(Data section):

━━━━━━━━━━

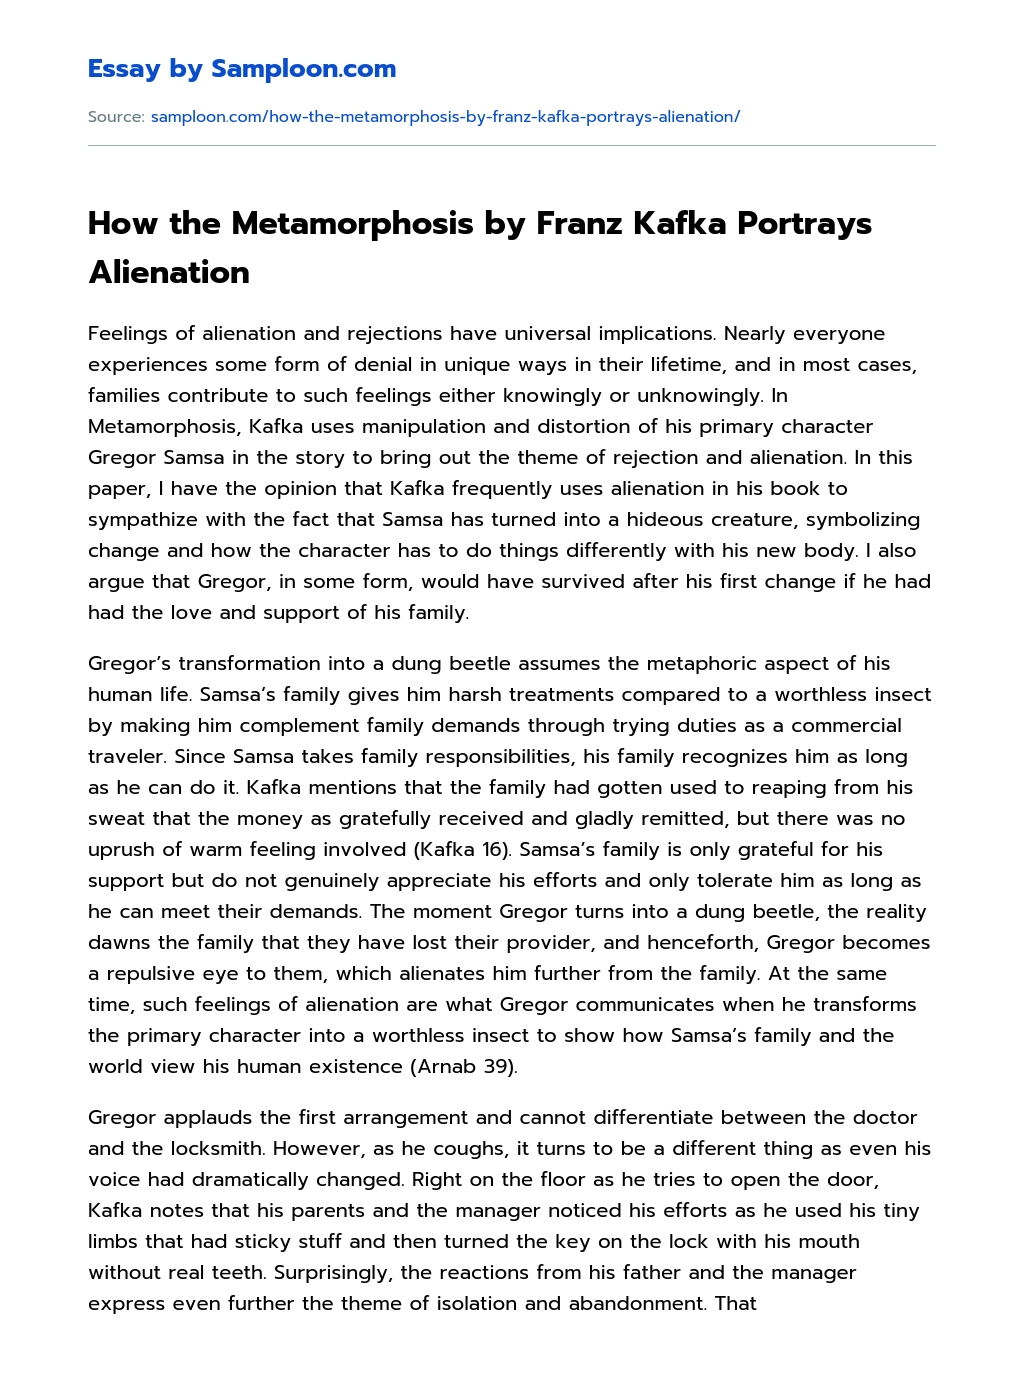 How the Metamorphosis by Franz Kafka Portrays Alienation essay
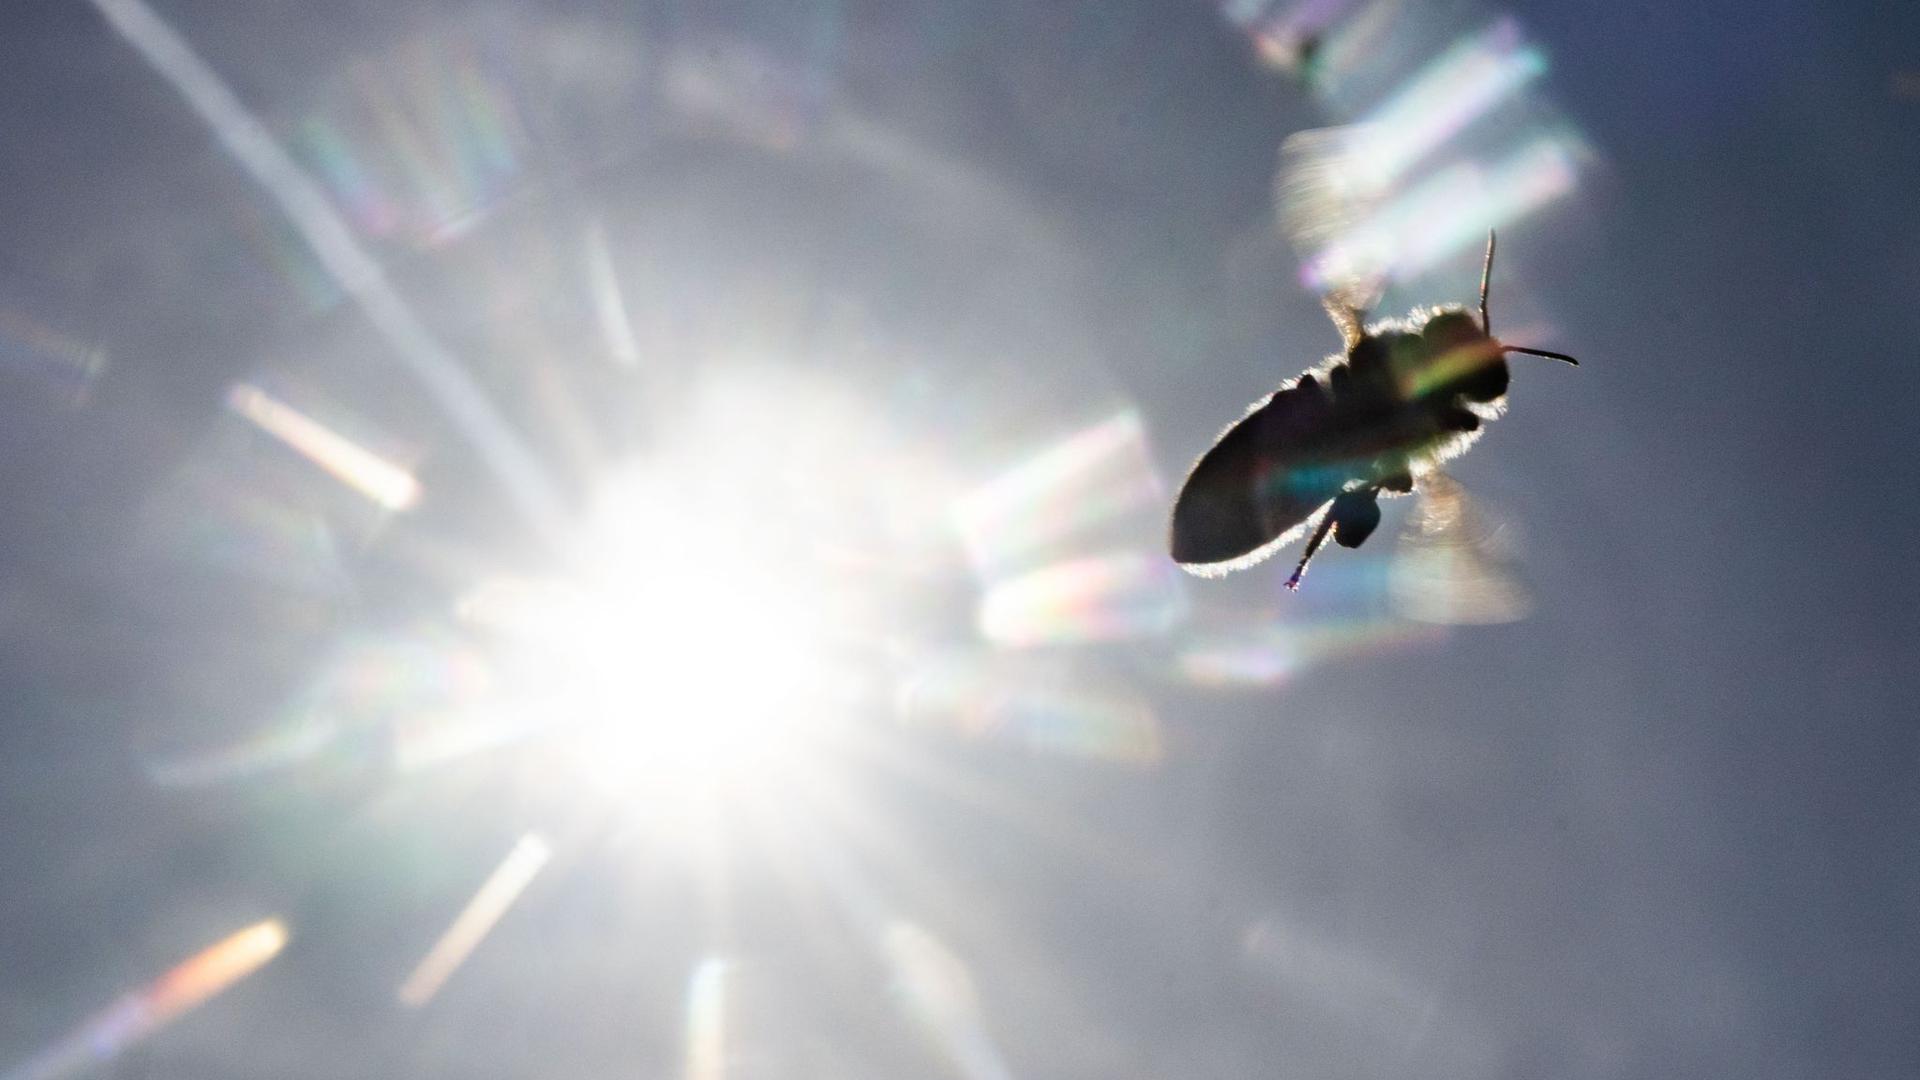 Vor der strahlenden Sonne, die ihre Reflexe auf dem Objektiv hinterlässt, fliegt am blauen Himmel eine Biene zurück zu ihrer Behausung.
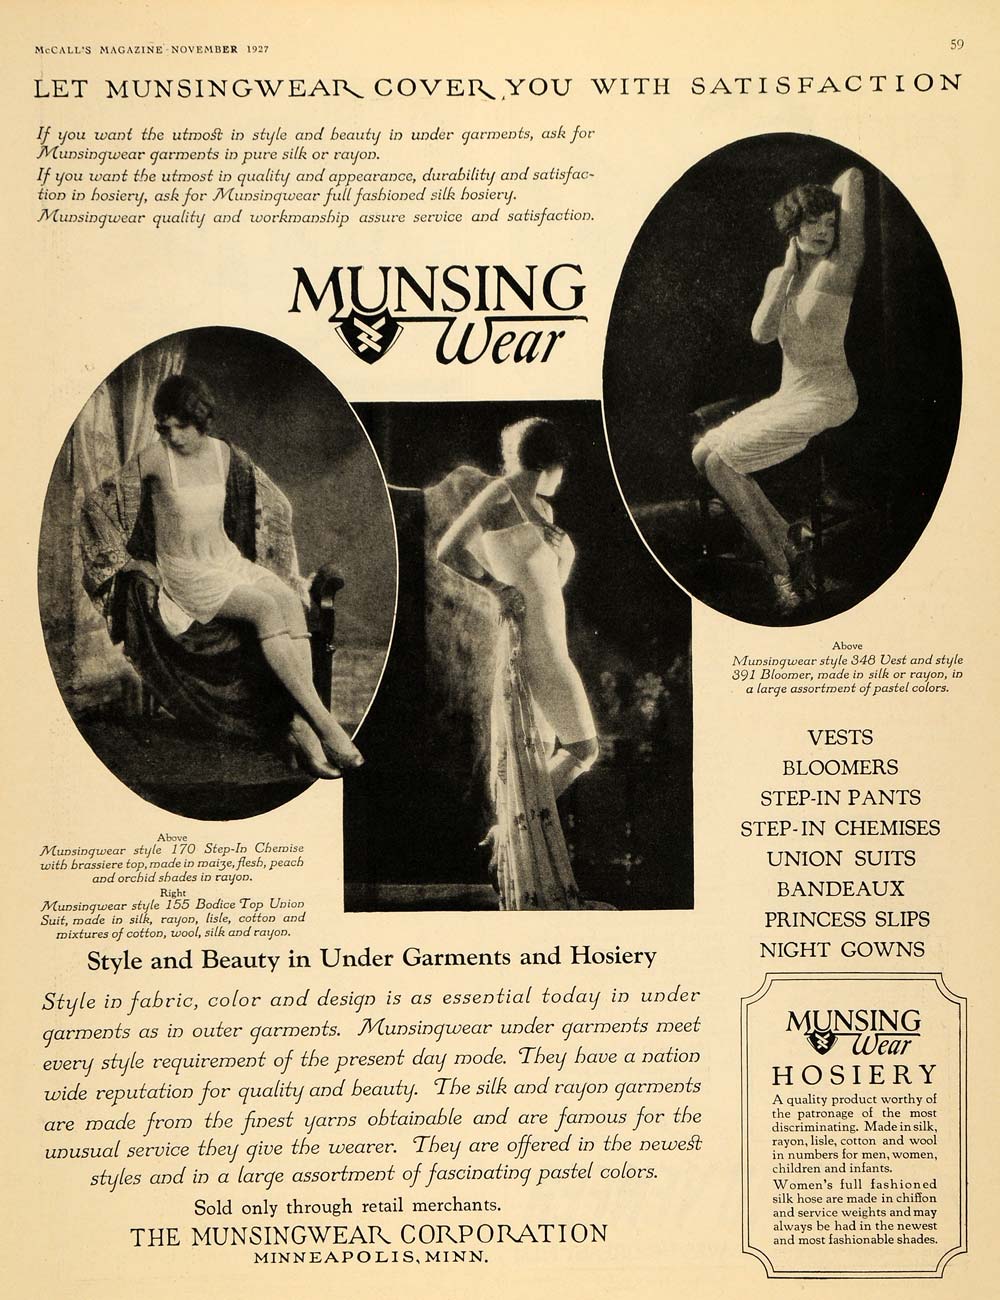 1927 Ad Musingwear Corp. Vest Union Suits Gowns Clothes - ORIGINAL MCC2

━━━━━━━━━━

(What to do):
Give the data again exactly, image-free.

(Task output):
 How the Metamorphosis by Franz Kafka Portrays Alienation essay
 Vor der strahlenden Sonne, die ihre Reflexe auf dem Objektiv hinterlässt, fliegt am blauen Himmel eine Biene zurück zu ihrer Behausung.
 1927 Ad Musingwear Corp. Vest Union Suits Gowns Clothes - ORIGINAL MCC2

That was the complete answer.